Sumantra Bose. Bosnia after Dayton: Nationalist Partition and International Intervention
London: Hurst and Company, 2002. viii + 296 pp. Tables, maps, notes, bibliography, index. Ł40.00 (cloth), ISBN 1-85065-645-2; Ł15.95 (paper), ISBN 1-85065-585-5.
Reviewed by Stefan Wolff, Department of European Studies, University of Bath, England.
Published by H-Diplo (September, 2002)
The Merits and Flaws of "International Statebuilding" in Bosnia
Seven years after the conclusion of the Dayton accords, which brought the war in Bosnia to an end, Sumantra Bose has delivered this fine account analysing not just the process of implementing the accords but also examining the wider lessons that can be learned from the Bosnian experience for international intervention and the dynamics of externally driven state and nation-building. Broadly supportive of the intentions and outcome of the international community's role in Bosnia and fairly optimistic of the long-term success of the Bosnian experiment, this volume is bound to be received with praise by some and criticism by others. This is especially true at a time when the international community is engaged in another Bosnia-type exercise in Afghanistan and some are pushing it towards action against Iraq where, on the "day after", similar challenges of rebuilding a state will await external actors.
To be sure, Bose's book is not about whether any such intervention is desirable, it is primarily an assessment about whether it is politically feasible, that is, whether international intervention can create a meaningful and workable institutional framework for the reconstruction of an ethnically plural society torn apart by civil war and the gross human rights violations that accompanied it. Focusing on the political dimensions of the reconstruction project keeps the author's task manageable. While some might argue that it leaves out important elements of any post-war reconstruction endeavor, (such as rebuilding civil society and economic recovery) that are vital for long-term success, I agree with the general premise of Bose's work that without negotiating, implementing and operating the "right" institutional framework, everything else becomes meaningless.

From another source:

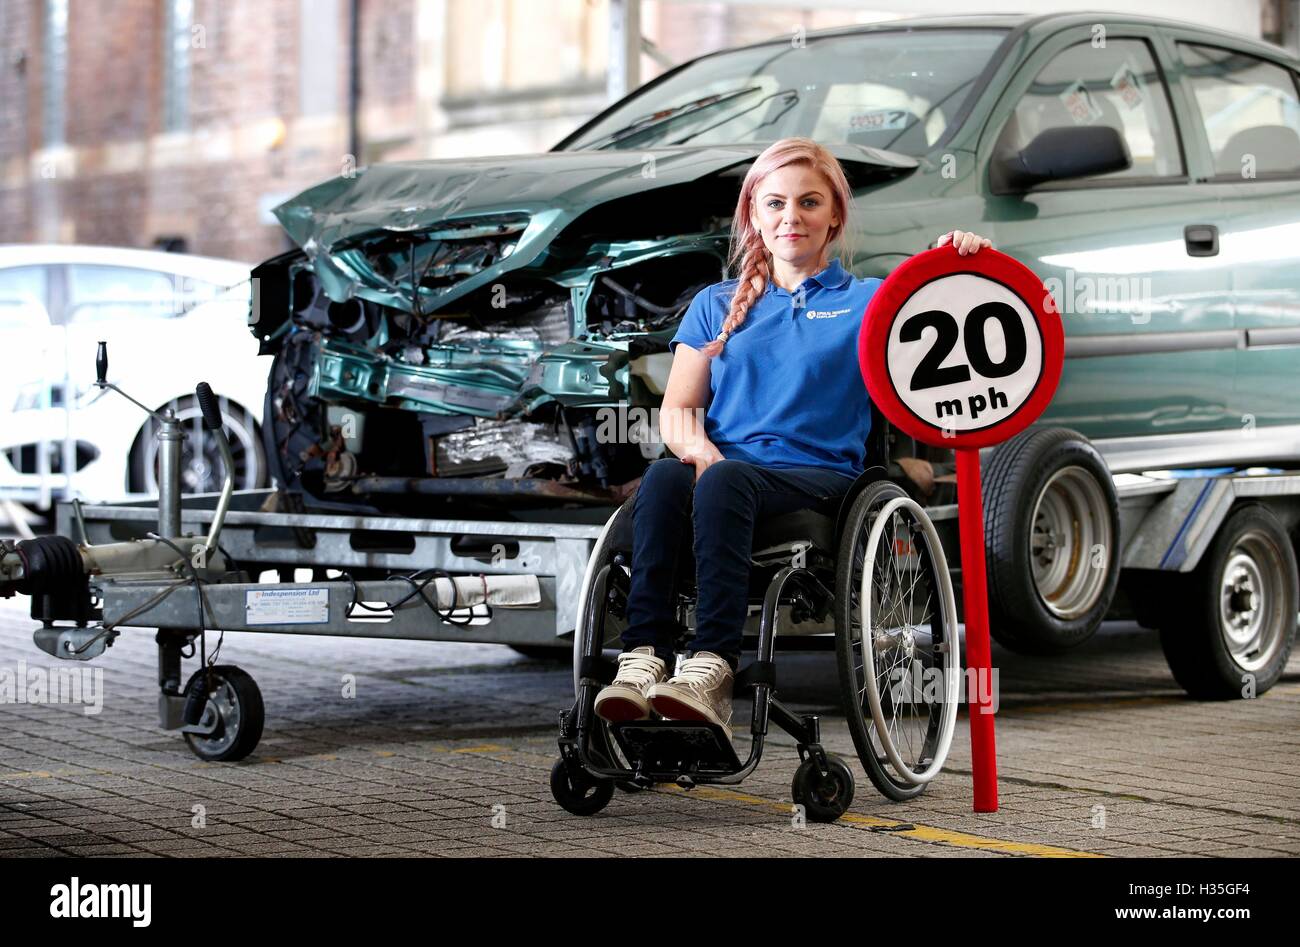 Crash survivor Laura Torrance, 33, shared her experiences to highlight road safety at Streets Ahead Edinburgh Young Drivers, a multi-agency road safety education event in Edinburgh. Stock Photo

Thus, one can read this book also as a quest for an adequate framework, or, more precisely, whether the external imposition of a consociational institutional structure and its stabilisation (or the effective containment of opposition to it) by a massive international military and administrative presence is the right approach to rebuilding a war-torn society. After contextualising present-day Bosnia in its historical and contemporary time and place, Bose examines in great detail how the Dayton state of Bosnia came about and how it is structured. This is informative reading, supplying the basic facts to those who are not familiar with recent Balkan and international diplomatic history. What follows is a meso-level analysis of the international intervention process since Dayton, taking the town of Mostar as an example. While this is an interesting and informative analysis, I do not quite agree with Bose's contention that "Mostar refracts in a concentrated microcosm practically all the problems Bosnia & Herzegovina faces in the aftermath of the apocalypse of 1992-5" (p.146). With hardly any Serbs left in a town that once held approximately 20,000, the Mostar situation may be much more indicative of the problems in the Croat-Muslim federation, and their likely or unlikely solution. Admittedly, the future of Bosnia as a single state hinges, to a significant degree, on the stability of the federation, yet the "Serbian factor" can hardly be underestimated. Thus, while Mostar is an interesting case study of the institution-building and "unification" dilemmas faced by international actors in post-Dayton Bosnia, it is only part of the wider Bosnian picture.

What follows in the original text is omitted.